WHAT YOU ARE ASKED TO DO → Retype word for word the first line of the listing and each line after it up to the line with "Очищающая тканевая маска", with the pictures taken out.

INPUT DATA →

----

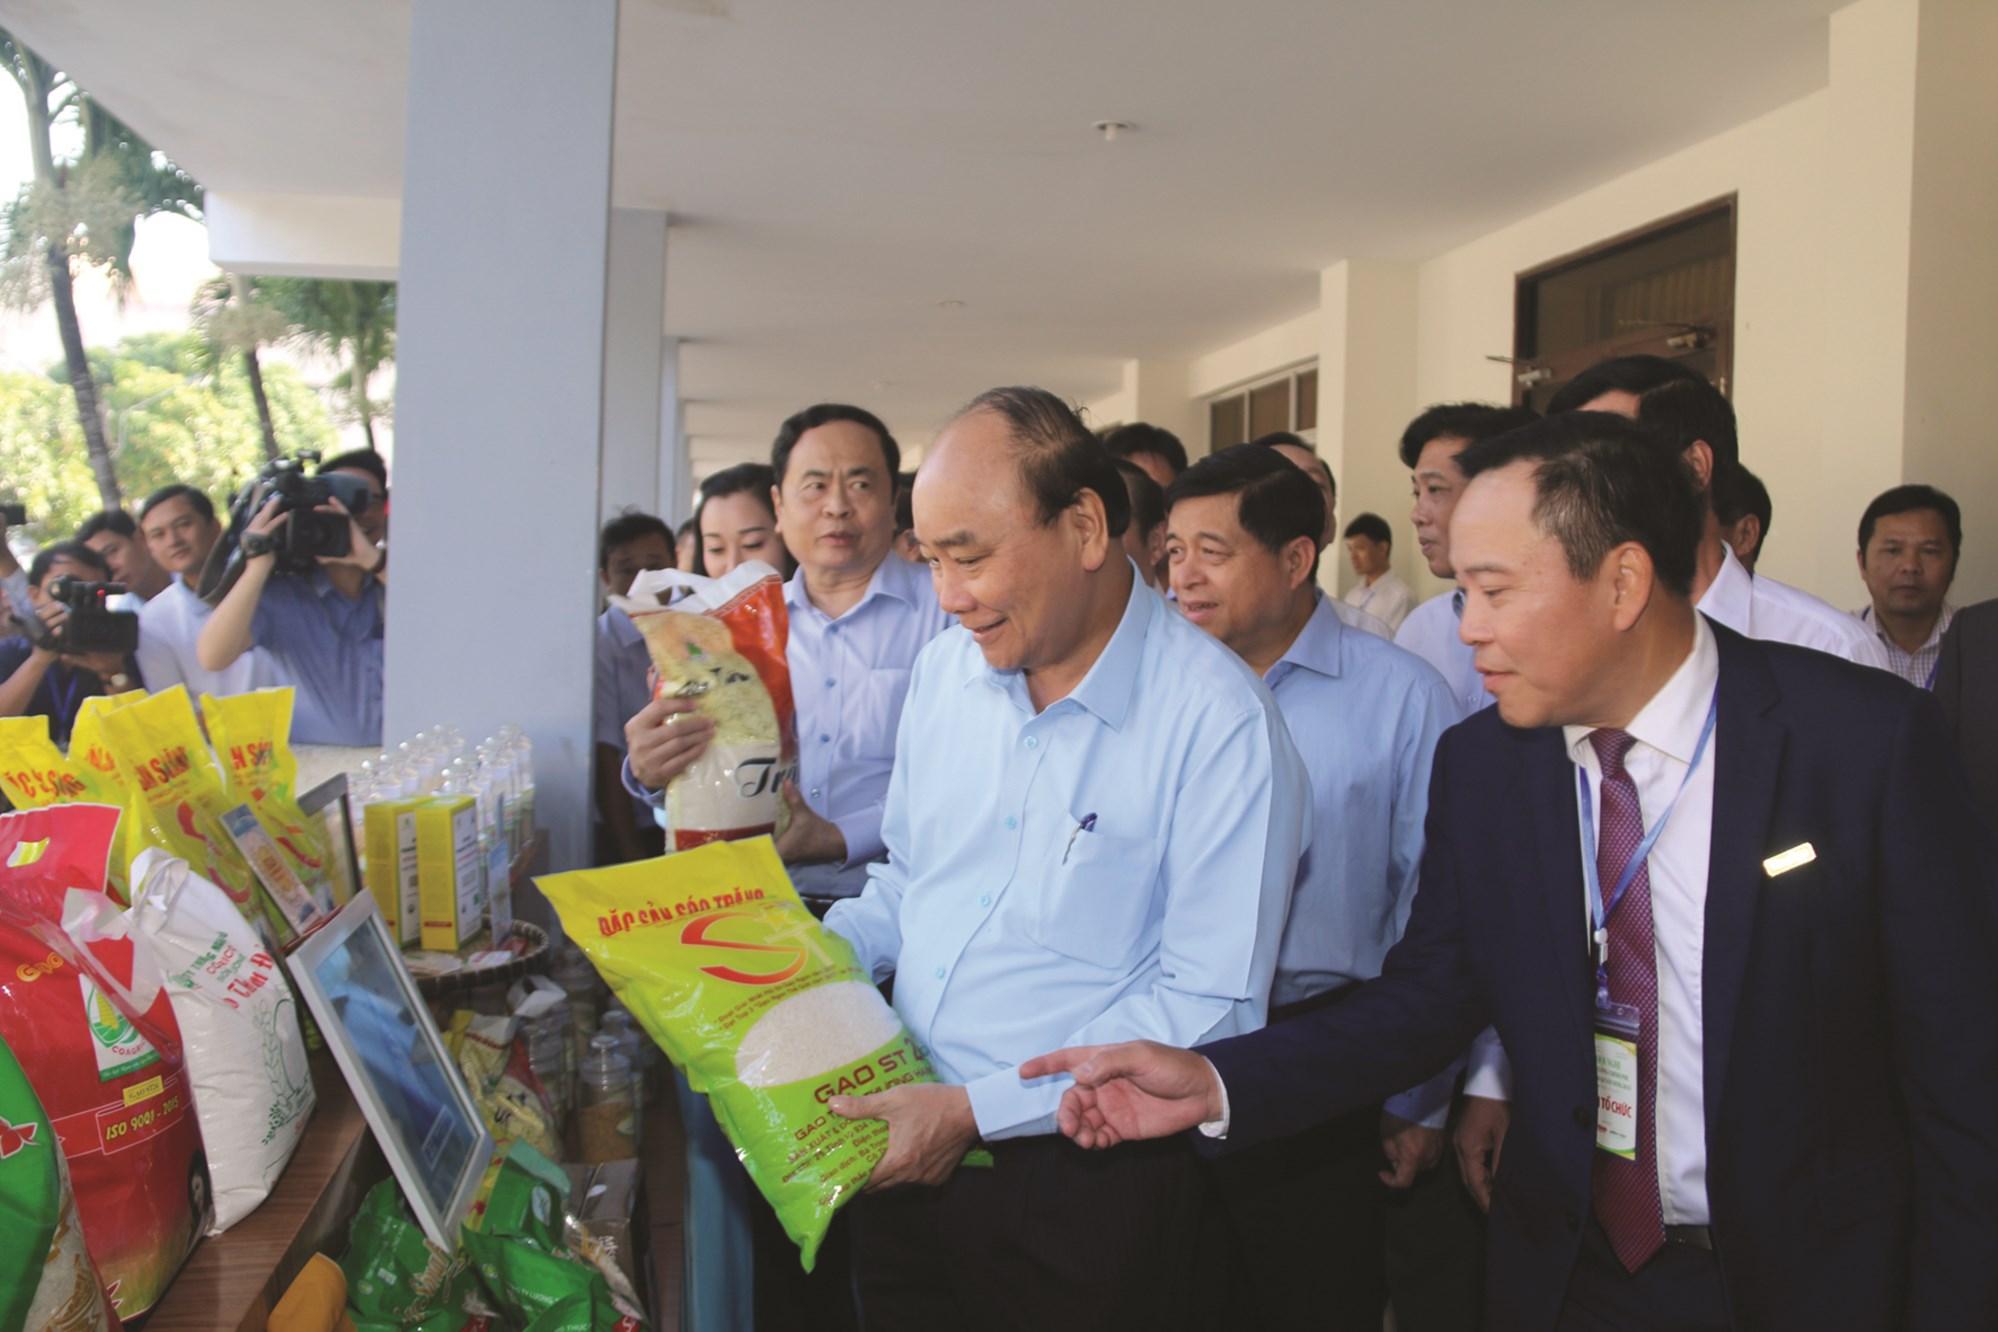 """Thủ tướng Chính phủ, Nguyễn Xuân phúc thăm quan gian hàng trưng bày gạo ST25 tại Hội nghị """" Thủ tướng đối thoại Nông dân năm 2019"""", tại Cần Thơ."""
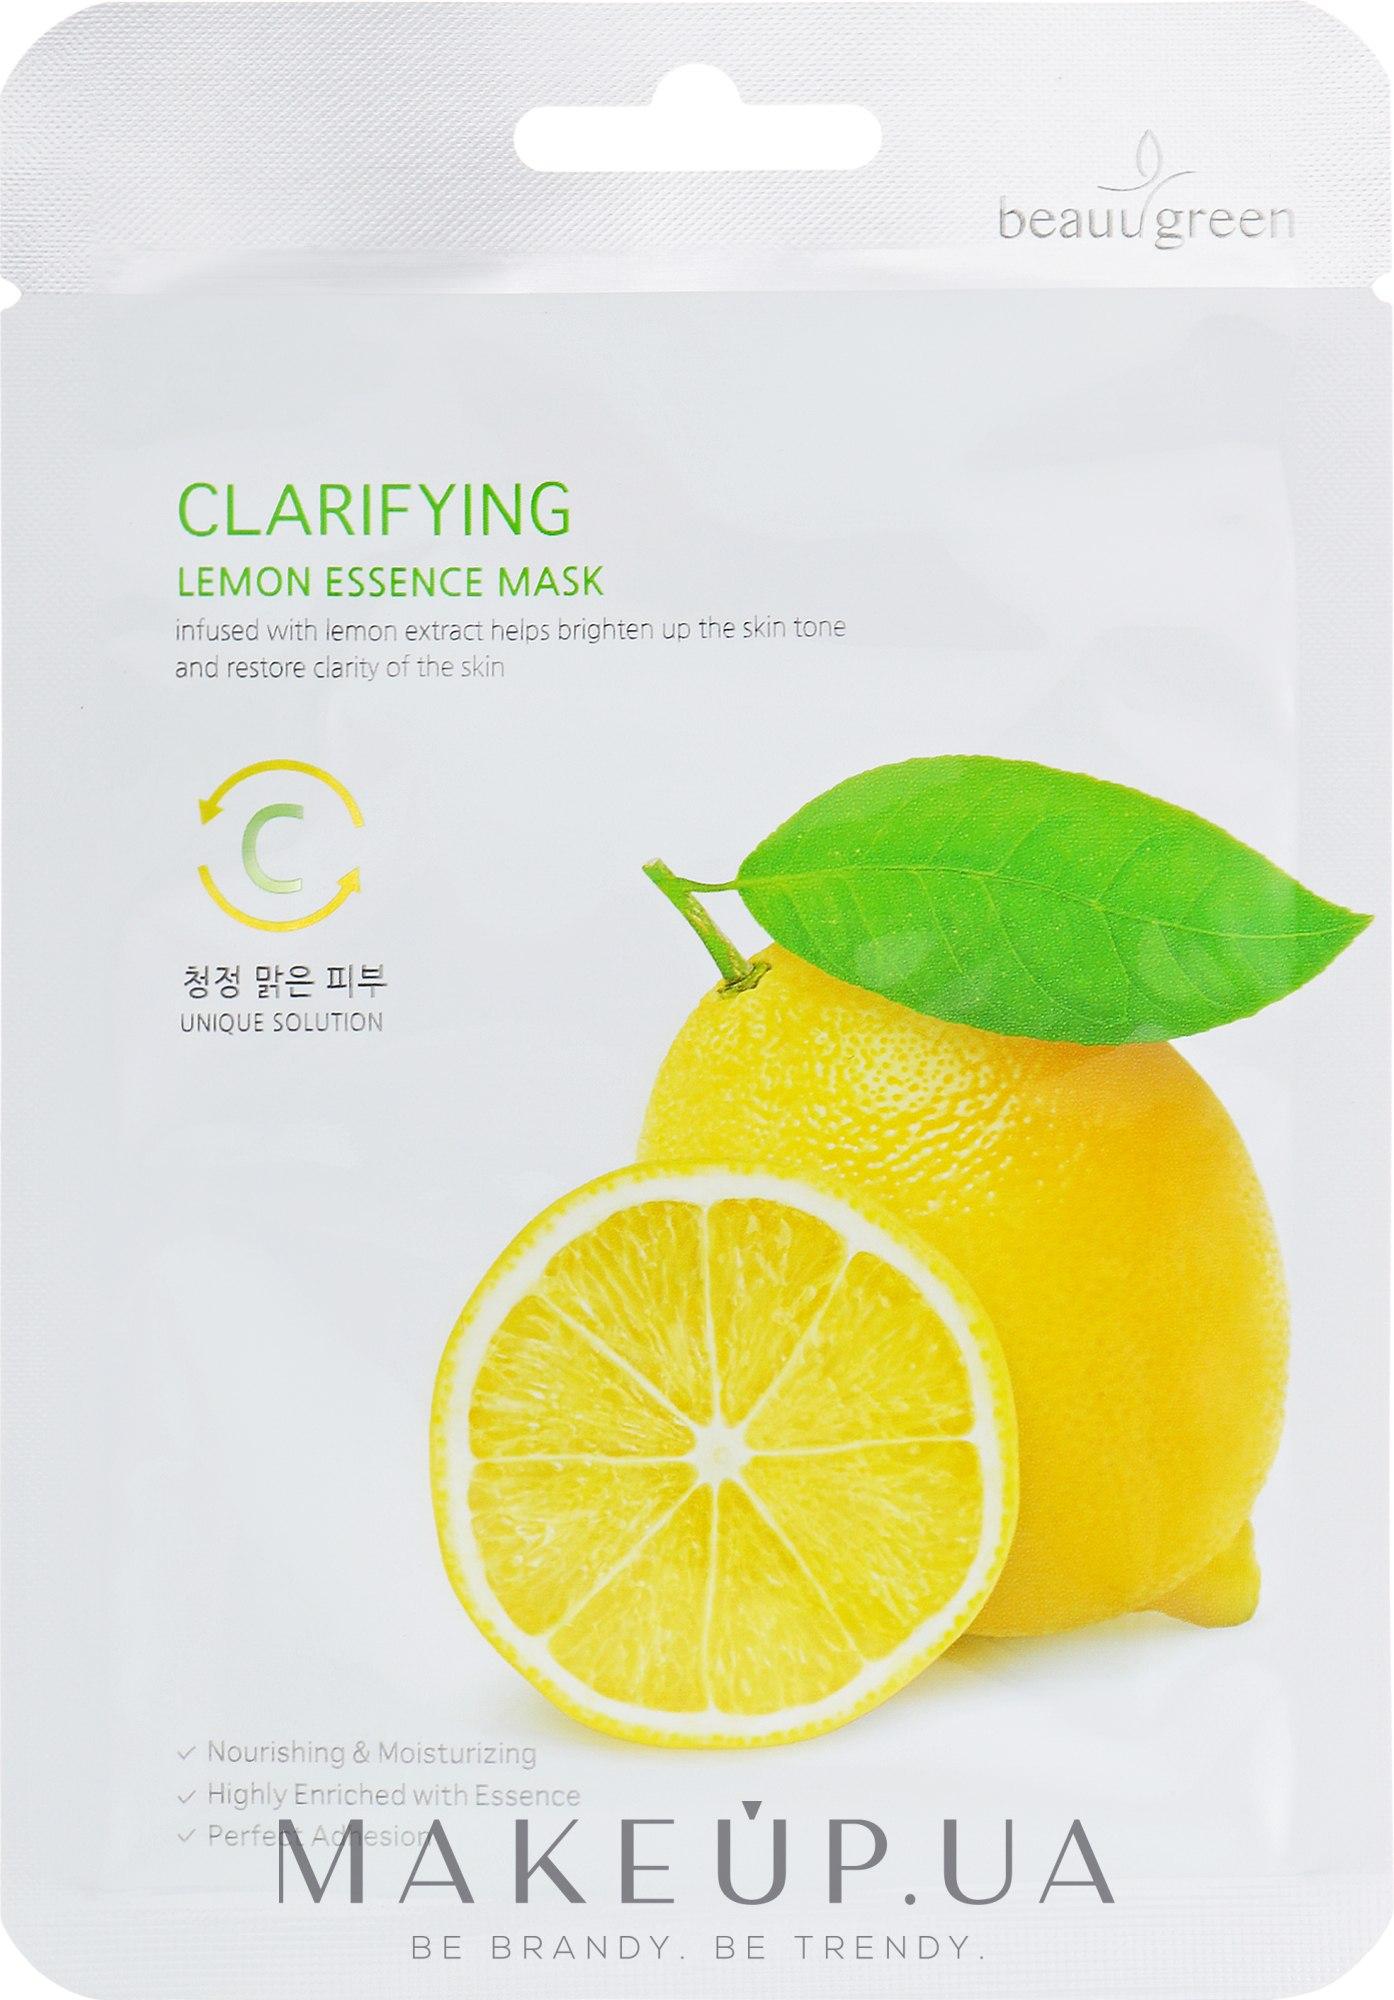 Очищающая тканевая маска для лица c экстрактом лимона - BeauuGreen Lemon Essence Mask — фото 23g
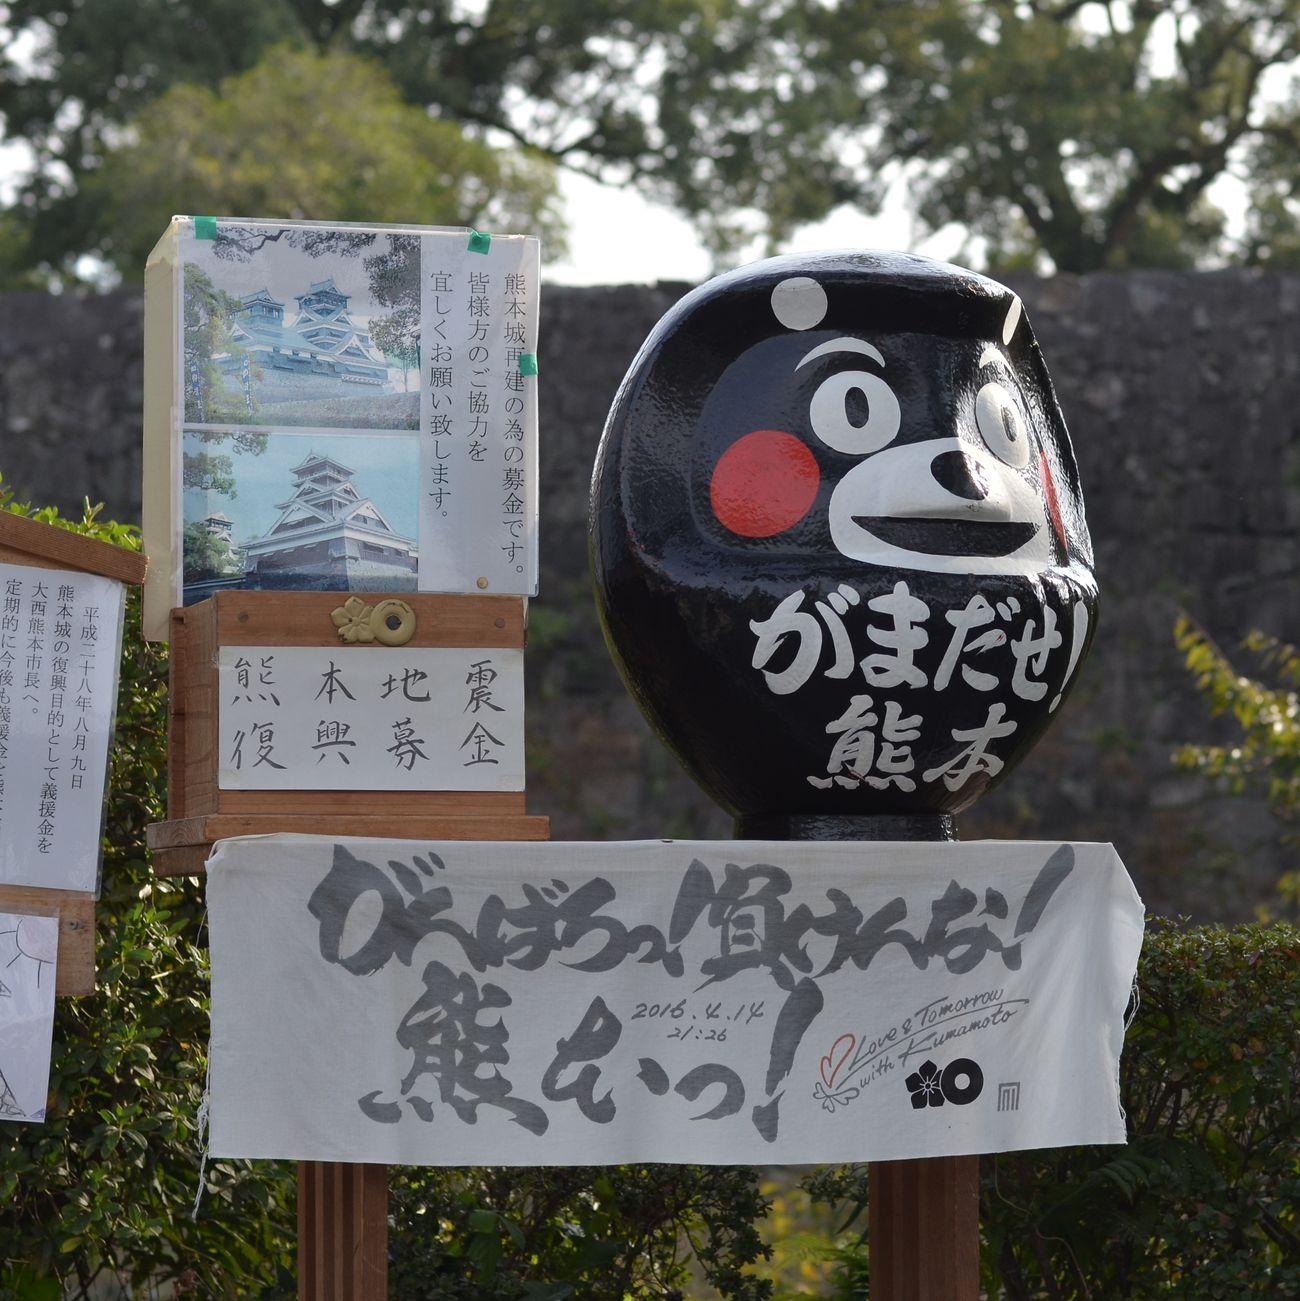 がんばれ熊本!! くまもん ダルマ Pray For Kumamoto KUMAMON Daruma Daruma Doll Kumamoto Earthquake Kumamoto Travel Photography 熊本 旅写真

----

OUTPUT →
 """Thủ tướng Chính phủ, Nguyễn Xuân phúc thăm quan gian hàng trưng bày gạo ST25 tại Hội nghị """" Thủ tướng đối thoại Nông dân năm 2019"""", tại Cần Thơ."""
 Очищающая тканевая маска для лица c экстрактом лимона - BeauuGreen Lemon Essence Mask — фото 23g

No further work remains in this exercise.